On April 19, 2021, the Office of Inspector General’s (OIG) Office of Audit Services (OAS) released the results of an audit conducted on the accuracy of diagnosis codes submitted to CMS by Humana, Inc. for 2015 dates of service. Based on the audit results, the OIG recommended Humana return a whopping $197.7 million in alleged overpayments and enhance its policies and procedures to prevent, detect and correct noncompliance with Federal requirements for diagnosis codes that are used to calculate risk-adjusted payments.

Under the Medicare Advantage (MA) program, the Centers for Medicare & Medicaid Services (CMS) makes monthly capitated payments to MA organizations using a risk adjustment system that takes into consideration the health status of its beneficiaries. MA organizations communicate the health status of its beneficiaries to CMS through the submission of diagnosis codes.

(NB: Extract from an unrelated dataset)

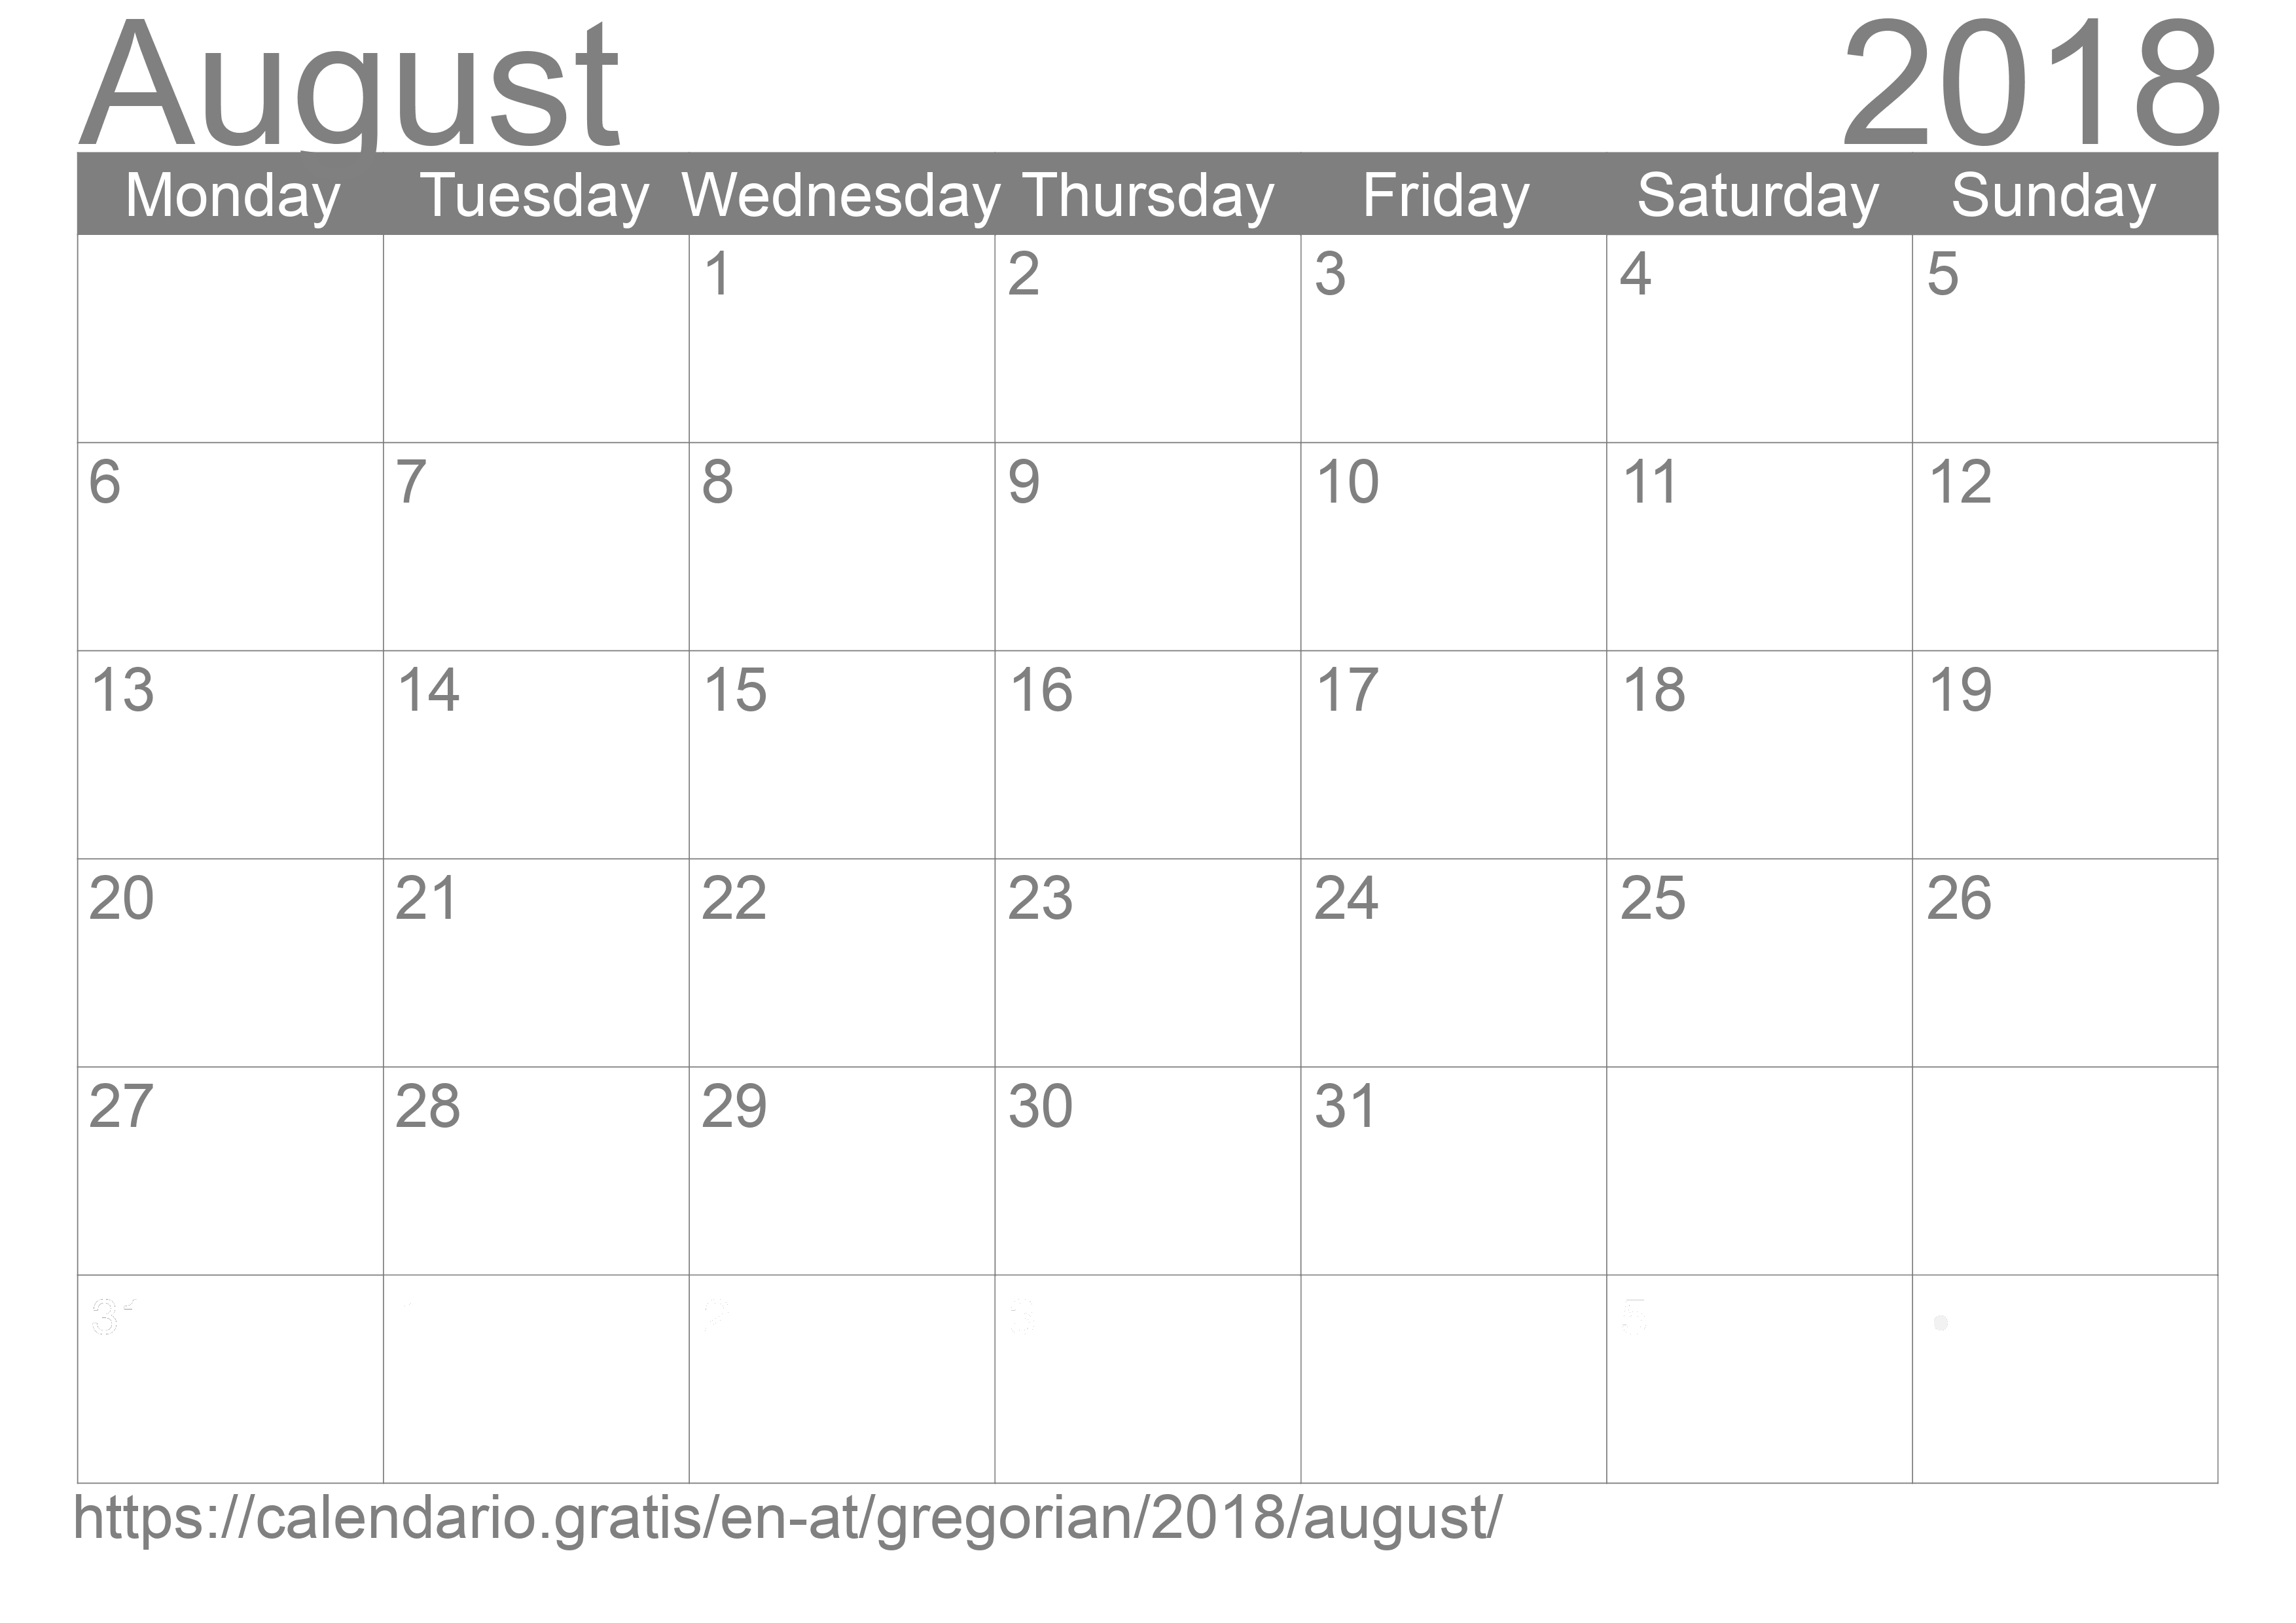 Calendar August 2018 to print
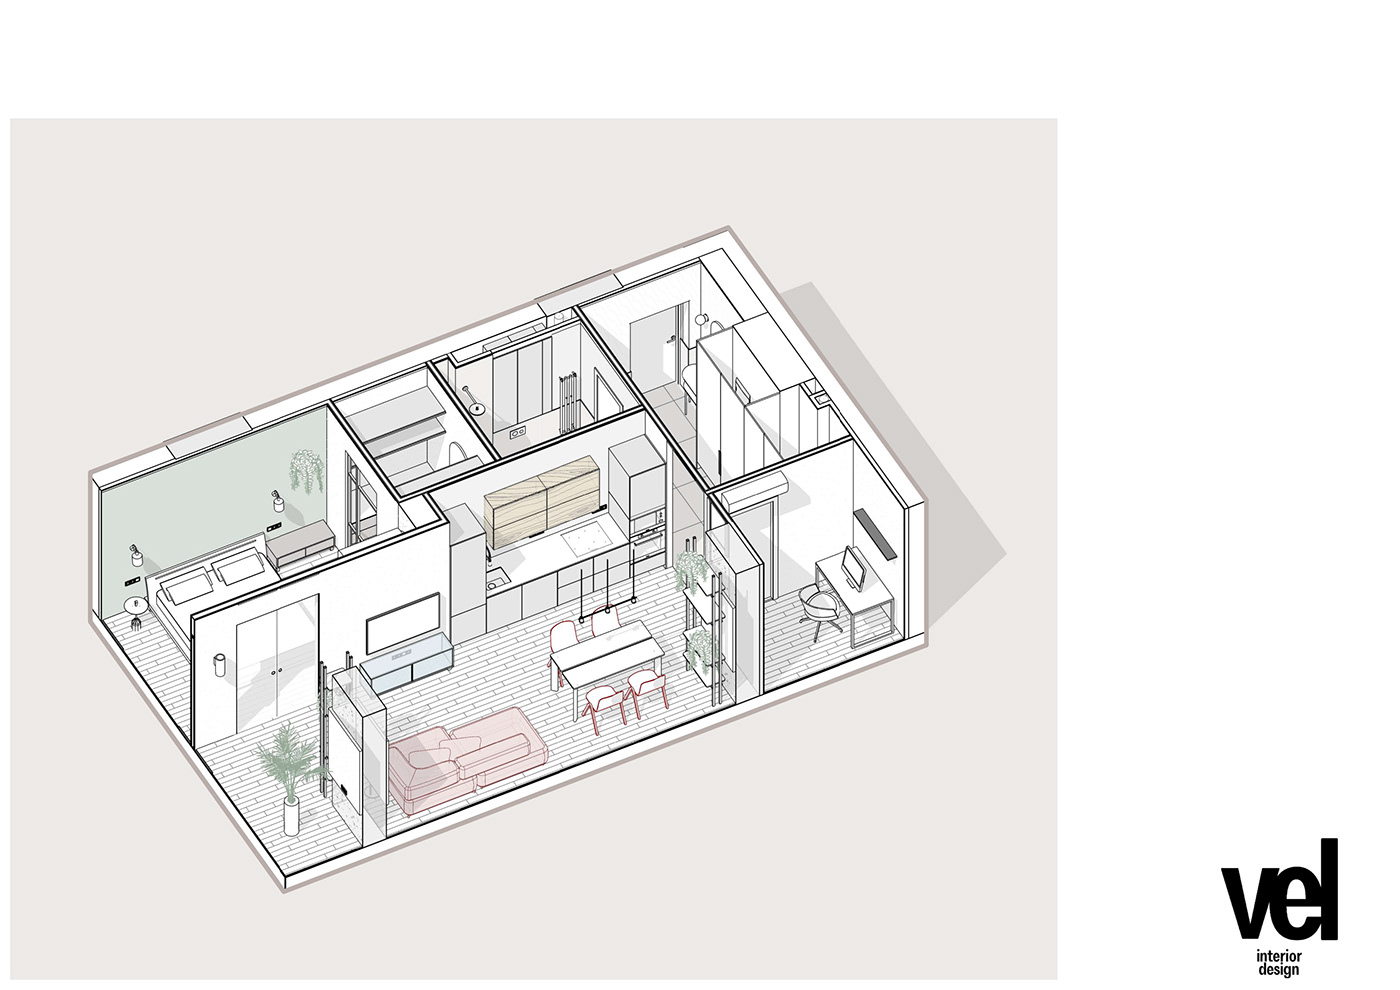 drawings revit interior design  Interior apartment design planning Layout Design Layout plans architecture

The OIG, under its authority to conduct audits to identify waste and mismanagement of federal health program dollars, has, more recently, been actively conducting audits on risk adjustment submissions from certain MA organizations using two different methodologies – (1) an approach similar to CMS’ historic Risk Adjustment Data Validation (RADV) audits where it samples all diagnosis codes submitted for 200 beneficiaries; and, (2) a targeted code approach, reviewing single instance submissions of certain codes that tend to carry a high error rate.  Both the Humana audit and an audit conducted on Essence Healthcare, Inc., used the RADV-like approach. In the Essence audit, OIG recommended that Essence repay CMS only $158,904 in overpayments. In doing so, the OIG did not apply an extrapolated overpayment amount. This is in sharp contrast to the almost $200 million extrapolated estimate by OIG for Humana.

Humana did not agree with the OIG audit results, challenging the OIG in both its coding and audit methodology. According to the OIG report, Humana was successful in overturning a number of coding determinations made by the government team, driving the error rate down and reducing the extrapolated overpayment amount from $261 million to $197 million. Other arguments raised by Humana include: (1) the OIG did not follow CMS’s established RADV methodology; (2) the OIG did not incorporate underpayments into its estimates of overpayments; (3) the OIG did not correctly calculate the overpayment amount; and, (4) the identification of unsupported diagnosis codes do not indicate a failure of Humana’s policies and procedures.

The OIG audit findings and recommendations do not represent final determinations by CMS. As indicated in the report, officials at CMS will determine whether an overpayment exists. MA organizations have the right to appeal the determination through CMS’ RADV appeals process.